No elaborate piping or writing on the cake. Fill and frost, then sprinkle the top with a choice of:
- chopped nuts
- coconut
- cake decorating candy sprinkles
- crushed peppermint candy
- chocolate chips
- sugar pearls
- nut halves, candies or marshmallow shapes arranged in a pattern
- sides or top of cake frosted and decorated with animal crackers or small cookies made with shaped cookie cutters: flowers, butterflies stars, frosted numbers or letters, gingerbread boys, hopping bunnies
- shoe-string licorice or icing squeezed from a tube to draw stems; use a rolling pin to flatten marshmallows (sprinkled with tinted sugar) or gumdrops and then cut flattened candy into petal shapes to make flowers
- black shoe-string licorice and round pastel mints or flat candies to make "balloons"

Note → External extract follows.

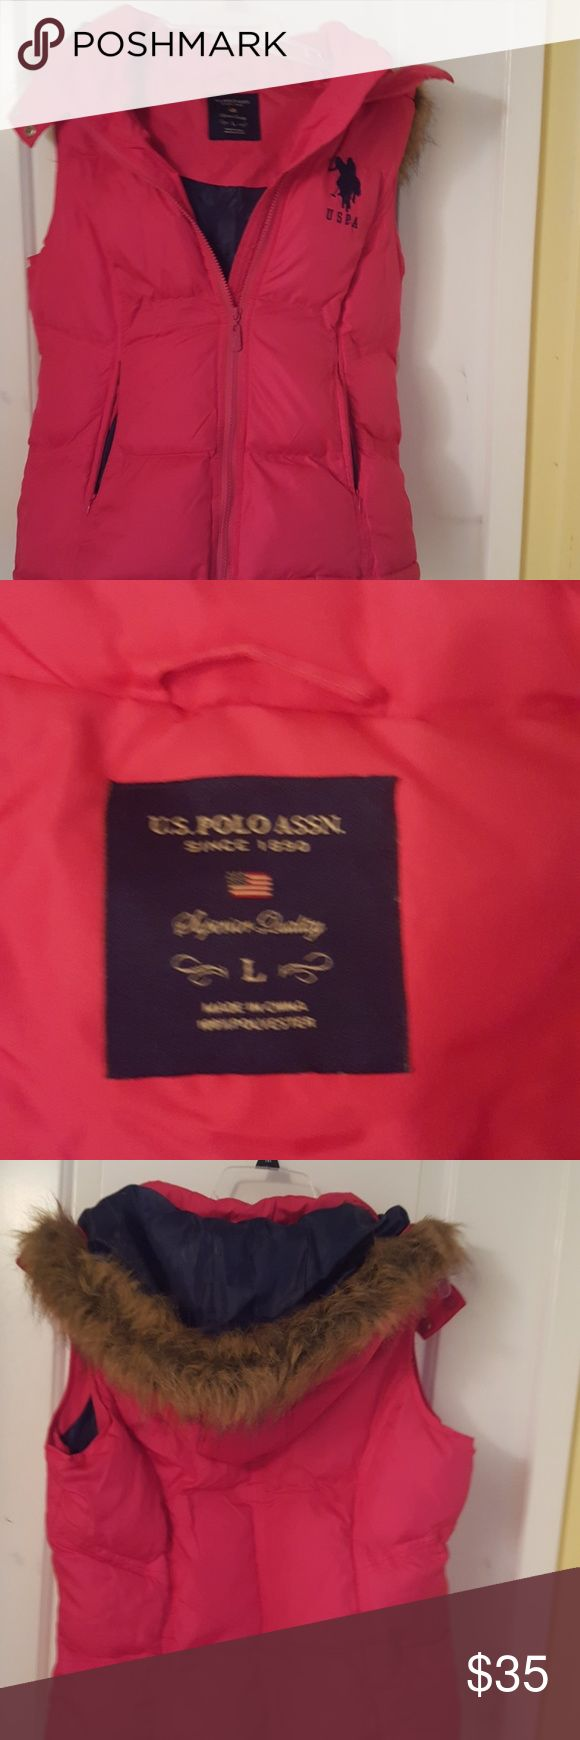 Ralph Lauren Hooded Vest Polo Ralph Lauren Hooded puffy vest, bright pink, never worn. Polo by Ralph Lauren Jackets & Coats Vests

- marshmallow snowmen: put two marshmallows together with a pretzel stick, use pretzels for arms, pieces of fruit roll-up for a scarf, cut-up black jujubes for the hat, candy dots for eyes and buttons. (Candy dots can be made from piped dots of royal icing or use bits of candy stuck on with icing.)
Not-So-Quick White Leaves
Use fresh bay leaves (my Mom has a bay tree growing in a pot inside her front door). Make sure not to use leaves from a poisonous plant!
If you don't have many leaves, work in batches. See pictures of how to coat bay leaves with white chocolate in the December 2024 issue of Southern Living Magazine.
Chocolate leaves can be placed in patterns, like the petals on a flower, or to form poinsettias on a Christmas cake, or added to piped icing flowers.
- 20 fresh bay leaves, washed and thoroughly patted dry
- 2 cups white vanilla melting wafers (from 1 10-oz pkg)
- cooking spray
- Coat bottom side of each bay leaf with cooking spray, wipe away excess.
- Line a baking sheet with parchment paper.
- Place melting wafers in a medium heatproof bowl and microwave in HIGH in 30-second intervals, stirring well between intervals, until mixture is smooth. Takes approximately 90 seconds to 2 minutes, total.
- Dip the greased side of each leaf into the melted wafers, using fingers to spread coating in an even layer and wiping excess from edges as needed. Place leaves, coated sides up, on a parchment-lined baking sheet.
- Let coated leaves stand at room temperature 15 minutes.
- Carefully peel leaves away from the coating; set aside candy leaves.
- Wipe off bay leaves and repeat process to make as many candy leaves as you need, reheating the candy mixture in 30 second bursts and stirring if it starts to dry out.
- Store candy leaves at room temperature in an airtight container up to 3 days.
- Once set, candy leaves may be trimmed.